The ratio of meds in my system and pain in my head seems consistently proportional. Now, it's a mild throb, no more than remnant, and I can feel the depression seeping back in its place.
And that what has me ready to scream, out of frustration, out of surrender, out of lost patience, confidence, energy... I’ve already cried, already planned my drop out, into whatever vise presents itself first. The number question when starting with a new therapist is have you ever tried or thought about killing yourself. Since I was 11 my standard answer to them and to myself has been no, that only because I know I have to answer the question do I ever give it thought
But you know what.

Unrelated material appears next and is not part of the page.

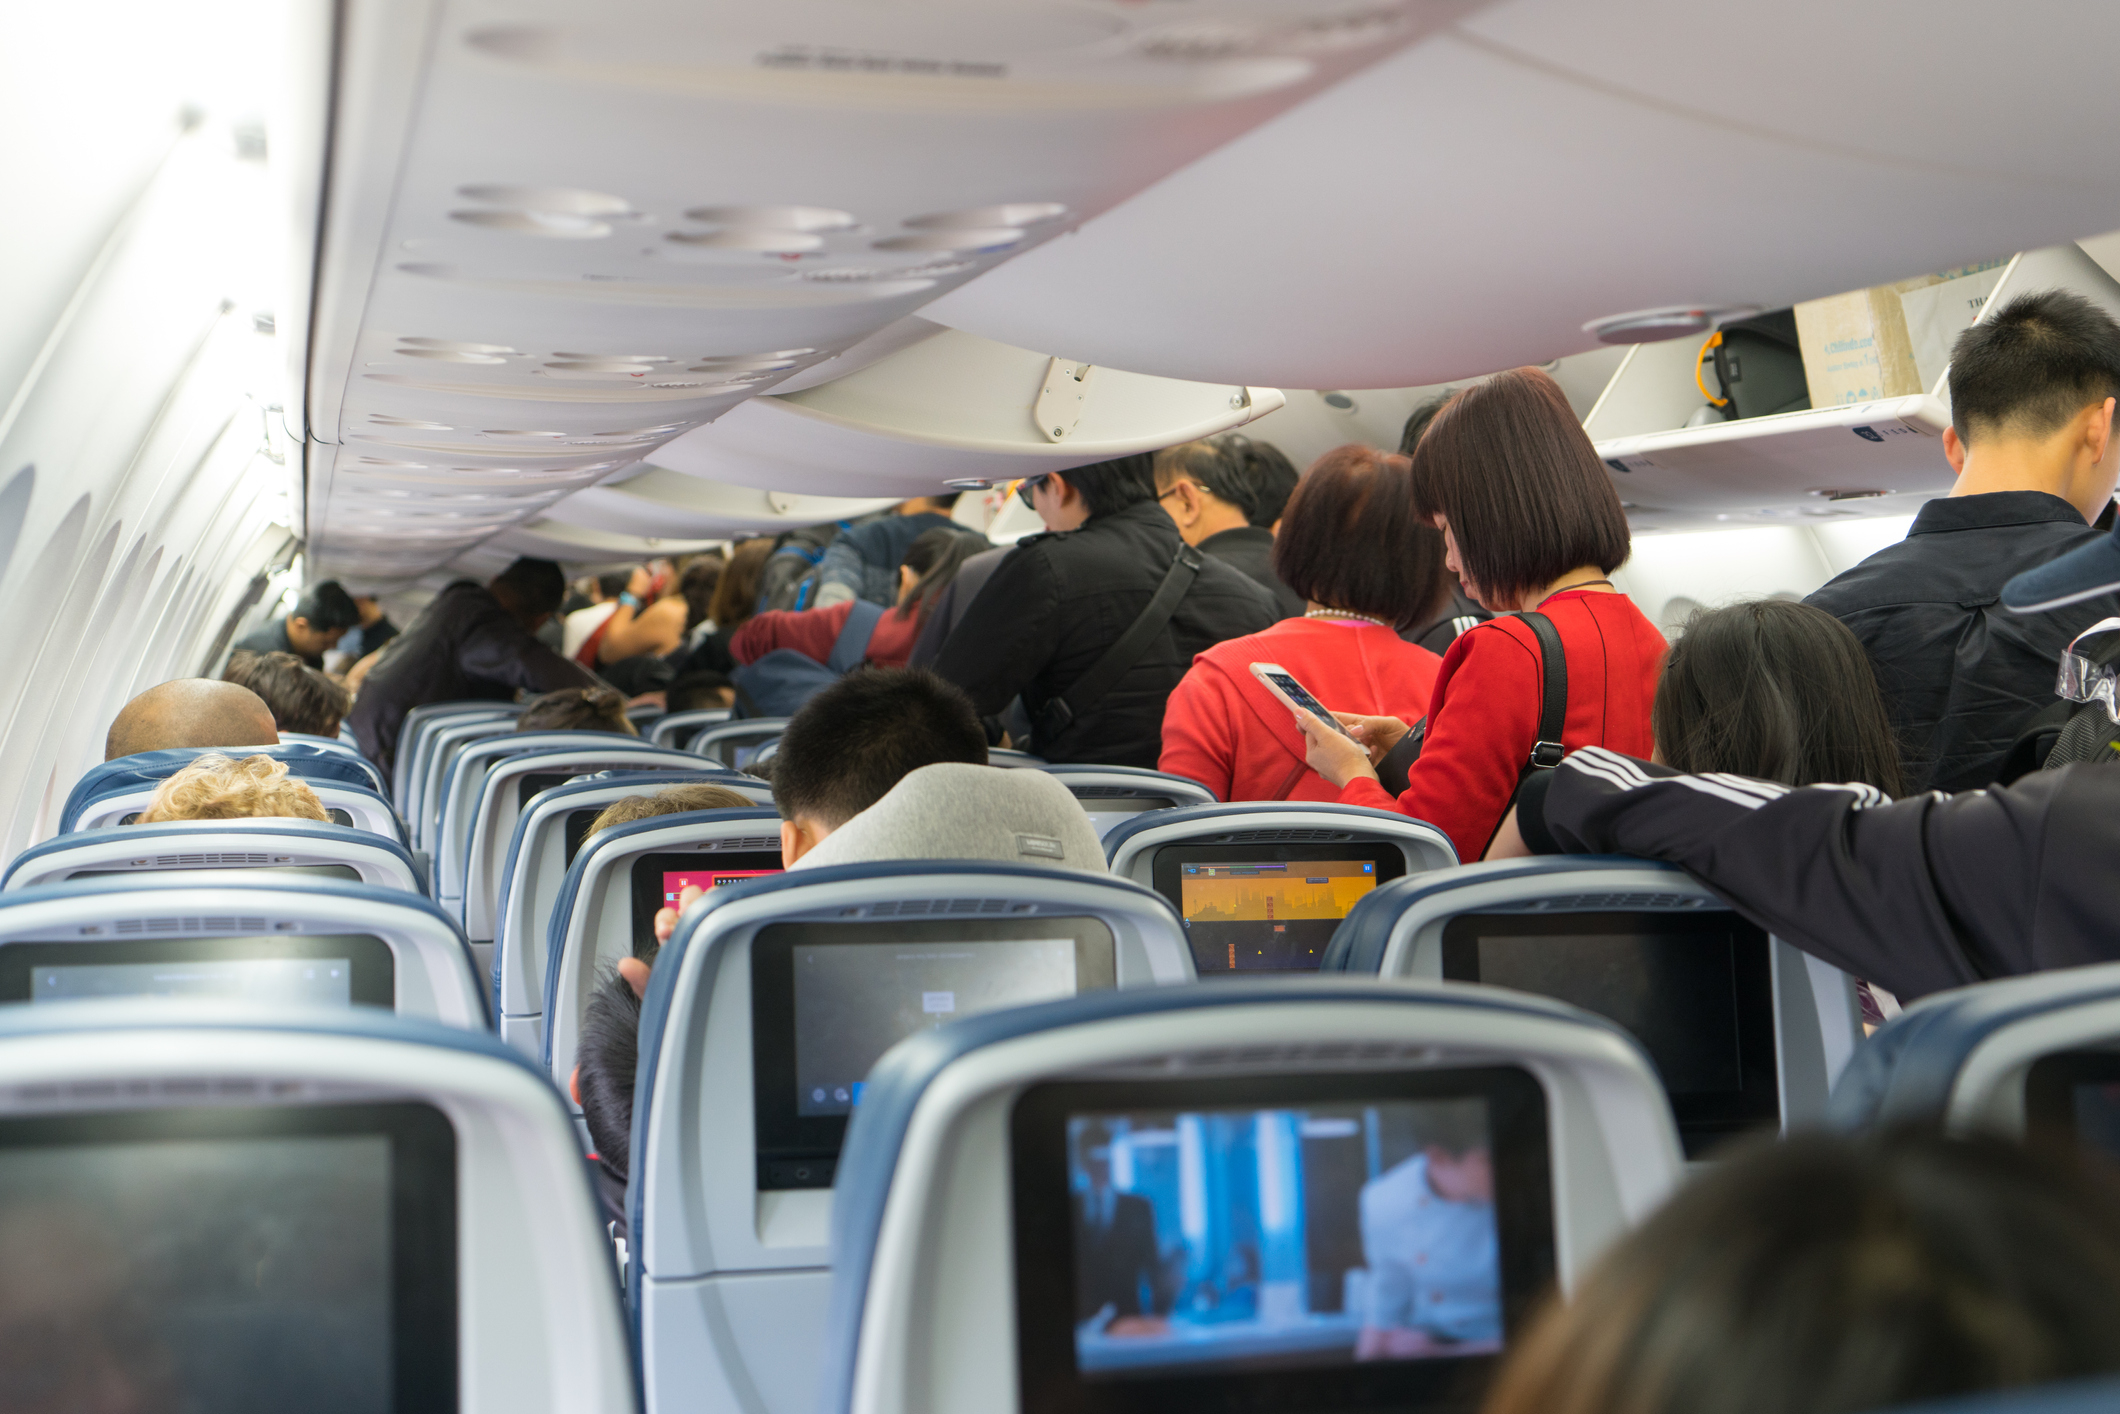 People standing in an airplane aisle cabin before disembarking

I realized it’s a lie. I do think about it, when I’m too tired to keep any of it up, when I think about my status as a burden, when I don’t think I’ll ever reach the point where I’m a contrition, when I become so disgusted with myself because I can’t get out of bed, not so much killing, as allowing myself to be pulled in a direction. But damn it I’m here, I don't want to pause my life anymore for something in my head.
And it is in my head. That’s the joke, the biggest vat of chemicals controls the our very essence, how we think, what we see from the most subjective to the most literal, is being fucked with and there’s nothing we can do, except sit back and be case studies.
There's no denying it, that is where the problem is, completely within my head, mind, brain. Valid, real, and out of my control problem in my brain. And even I don’t know why I can’t just get over it; let it stop being a weight on me.
I want to be able to push through it, I want people to understand just how much I do that already and give me a cookie for it.
I want to have control over my energy, my perception; I want so little, something so simple. I've already compromised so much, and I still can't have it.

I want to function, to be at least a semi productive member of society, maybe just a bit part. I want more than to merely exist. And I’m not sure I can have that.